(Task description): Take the data below and write it out exactly, except for the pictures.

(Provided data):
::::

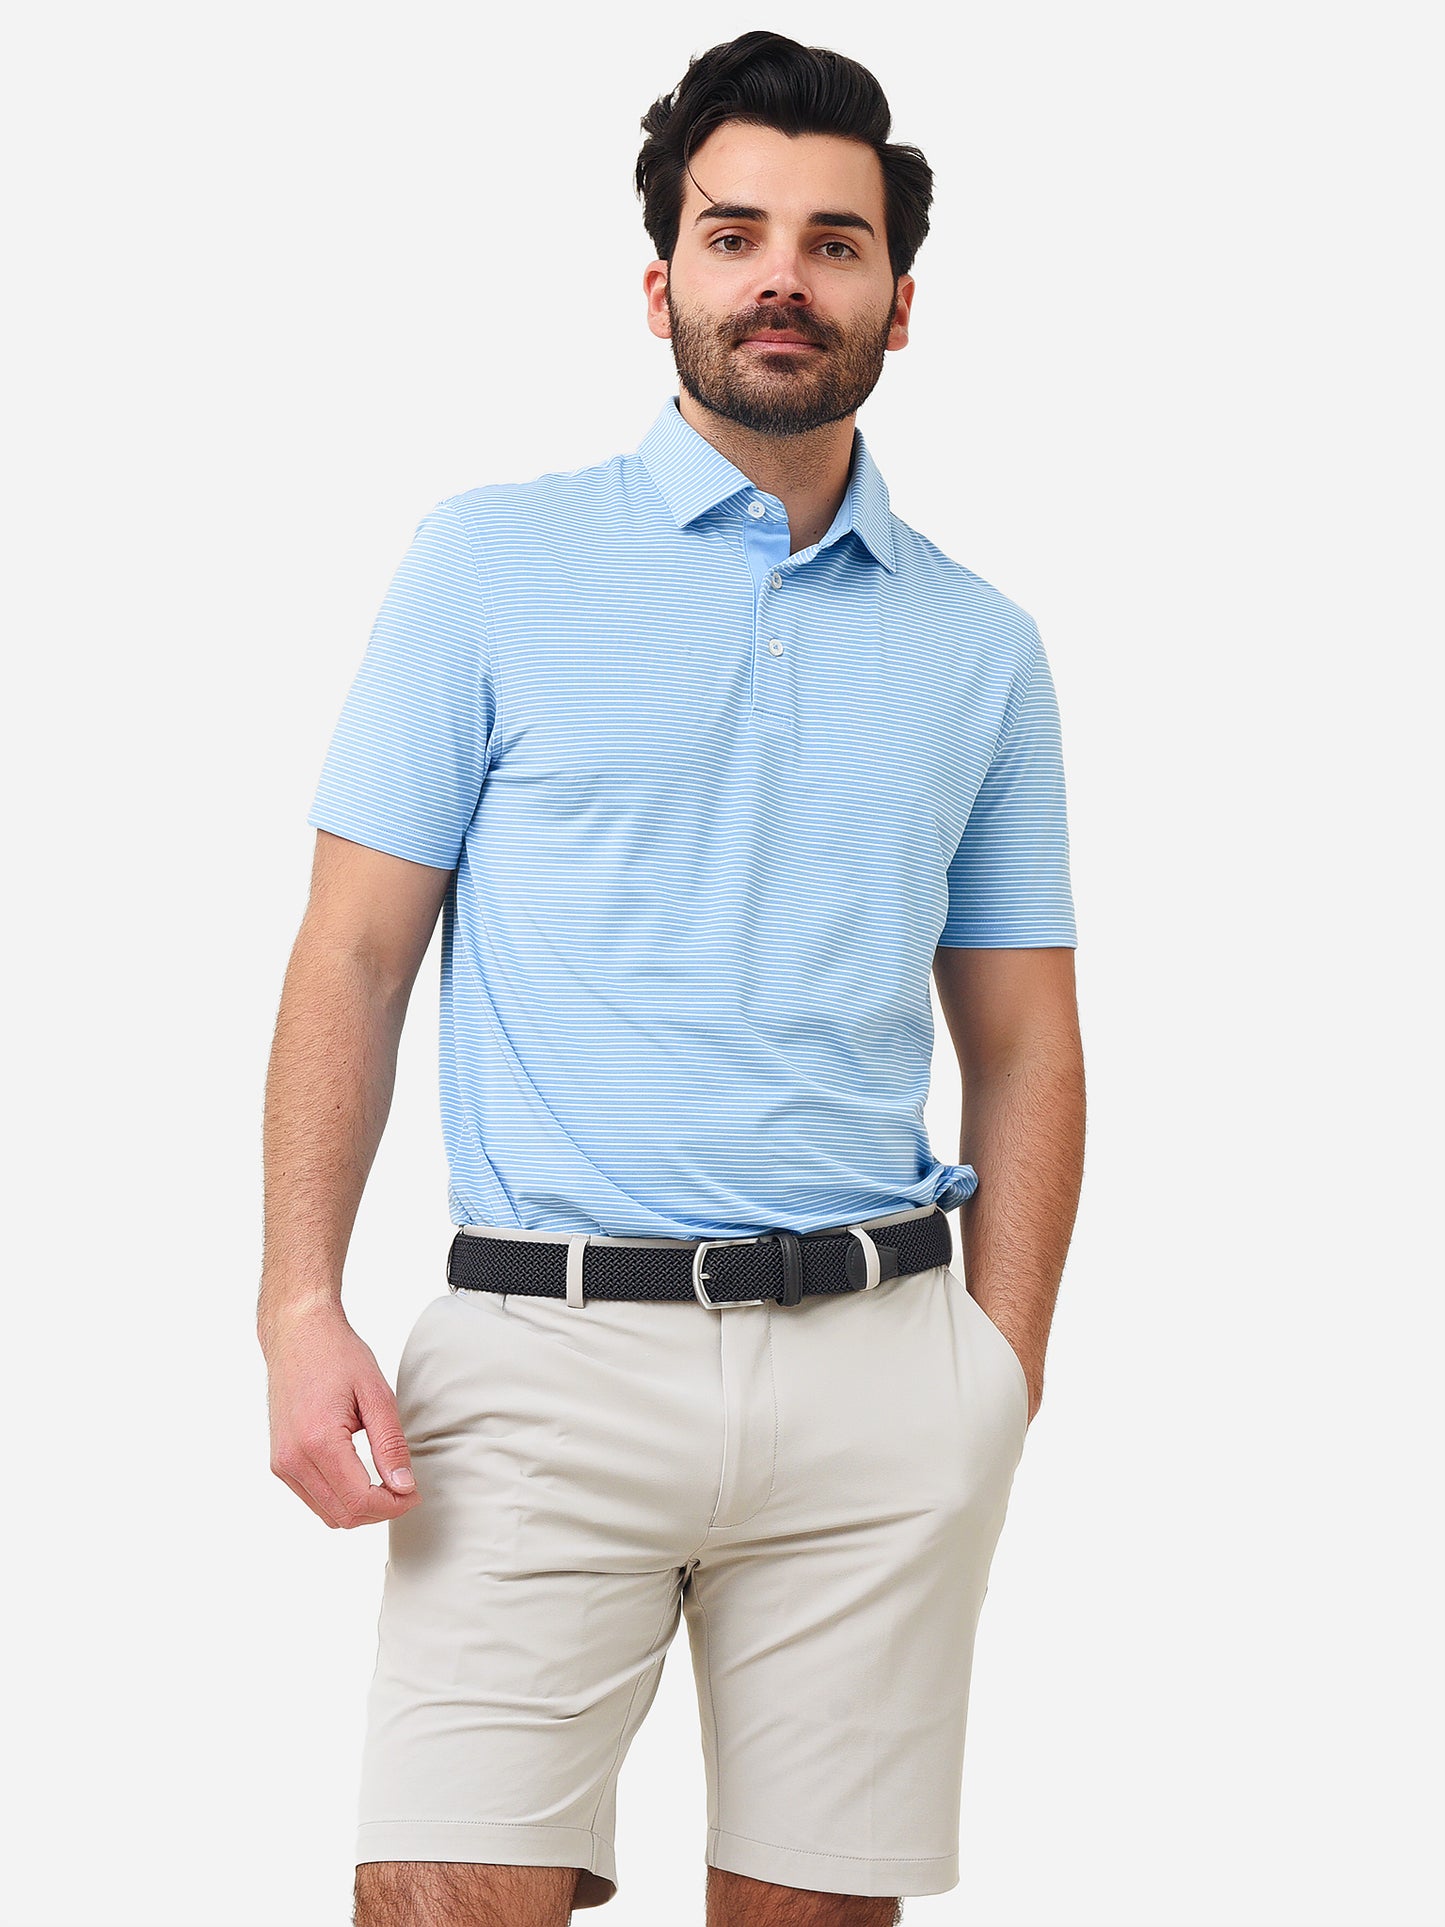 Southern Tide Men's Driver Avast Striped Performance Polo
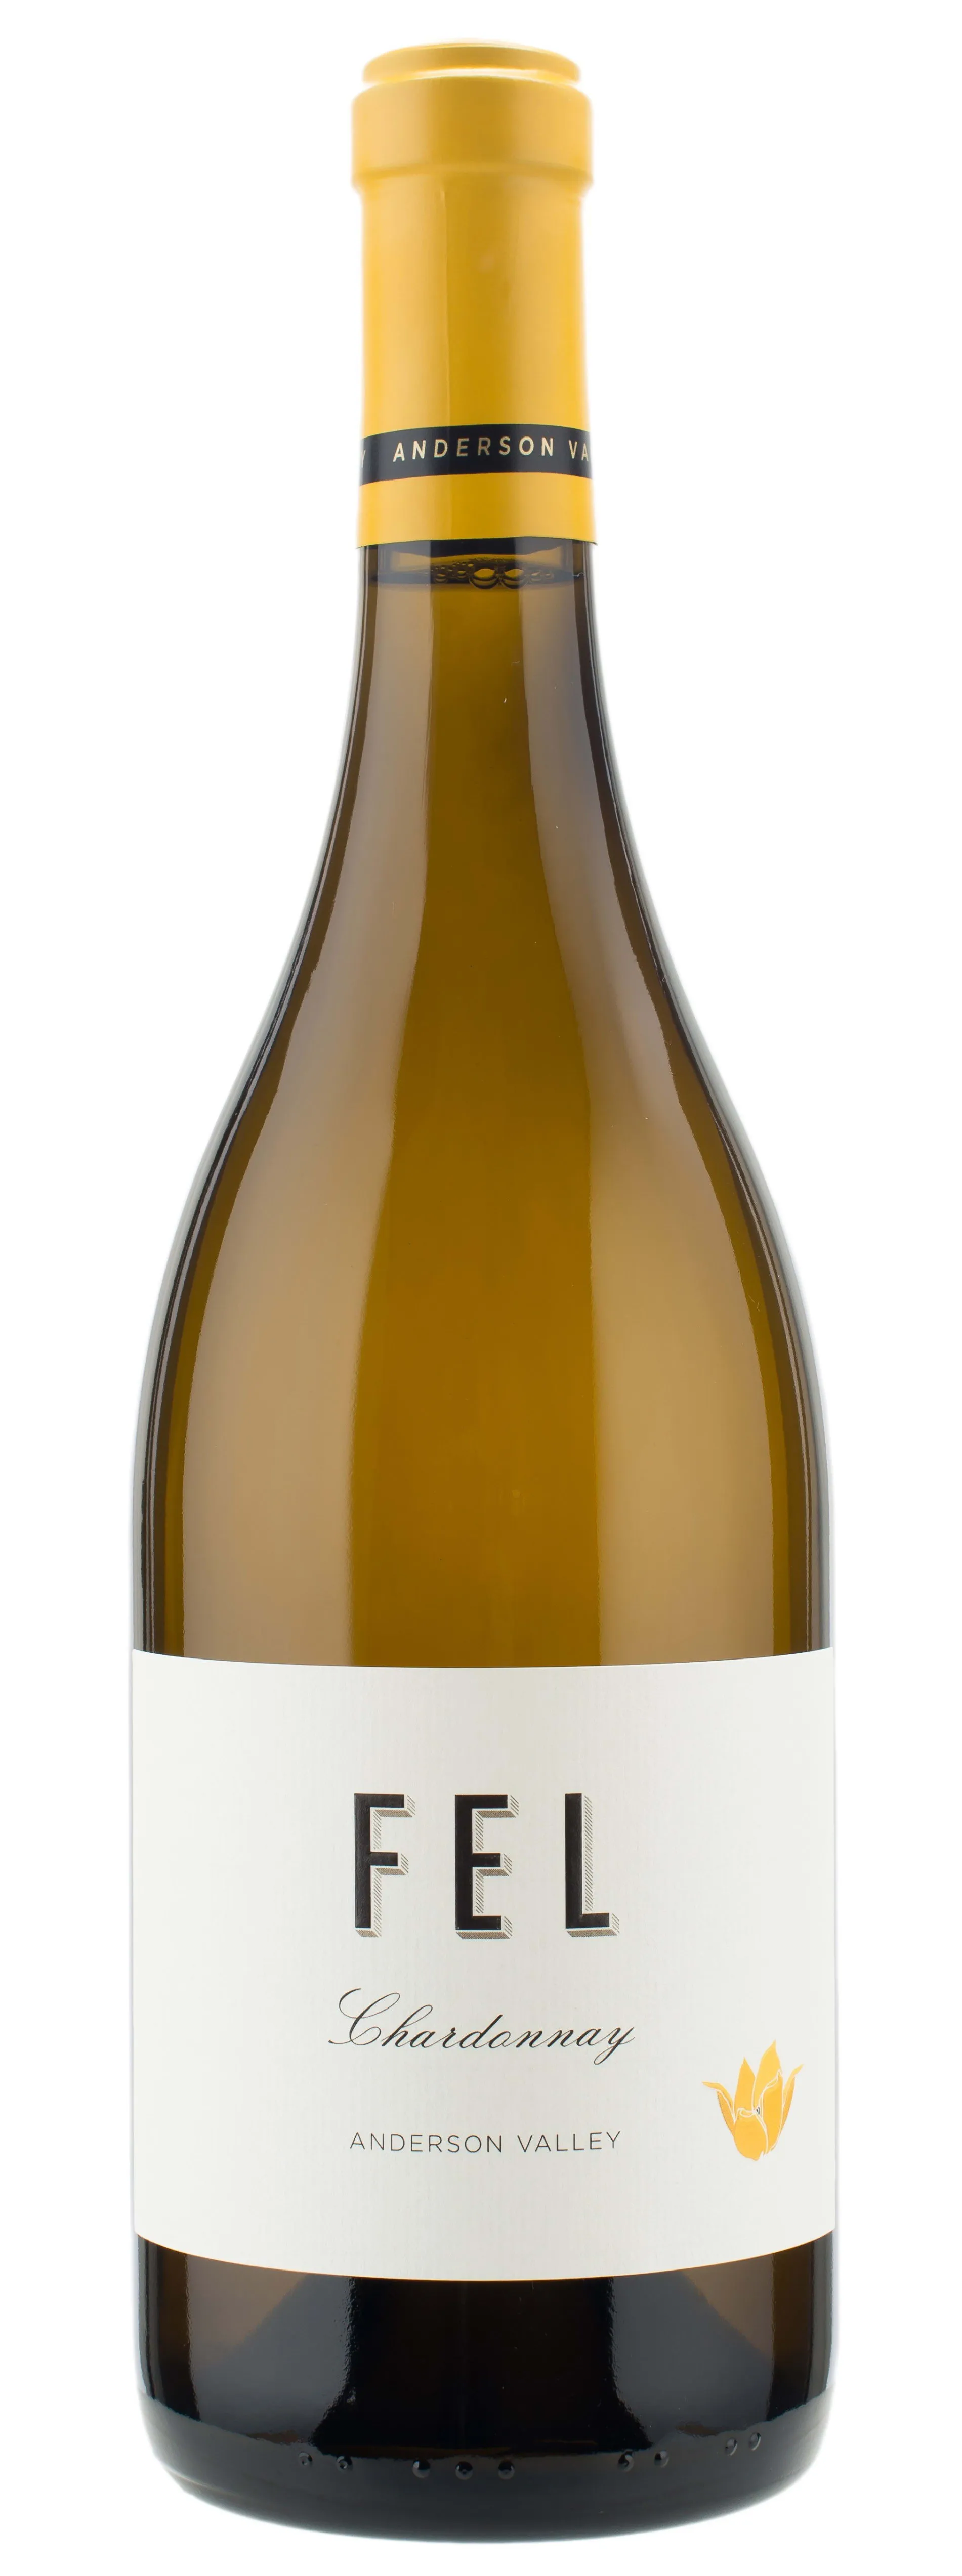 Bottle of FEL Chardonnay from search results
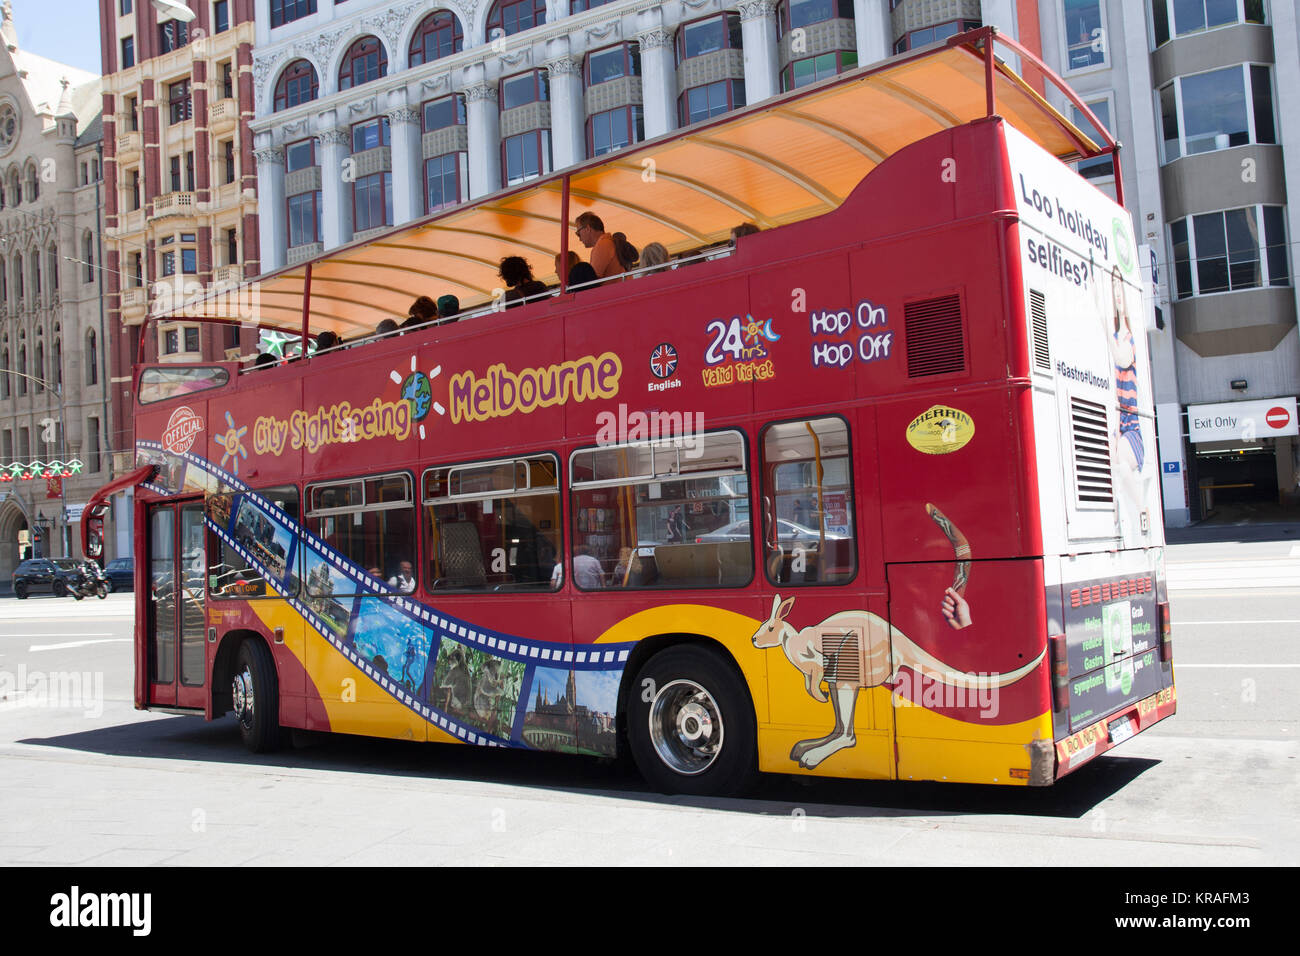 Melbourne, Australia - December 16, 2017: City Sightseeing double decker bus in Melbourne Downtown Stock Photo

::::

(Exercise result):
 Southern Tide Men's Driver Avast Striped Performance Polo
 Bottle of FEL Chardonnay from search results
 Melbourne, Australia - December 16, 2017: City Sightseeing double decker bus in Melbourne Downtown Stock Photo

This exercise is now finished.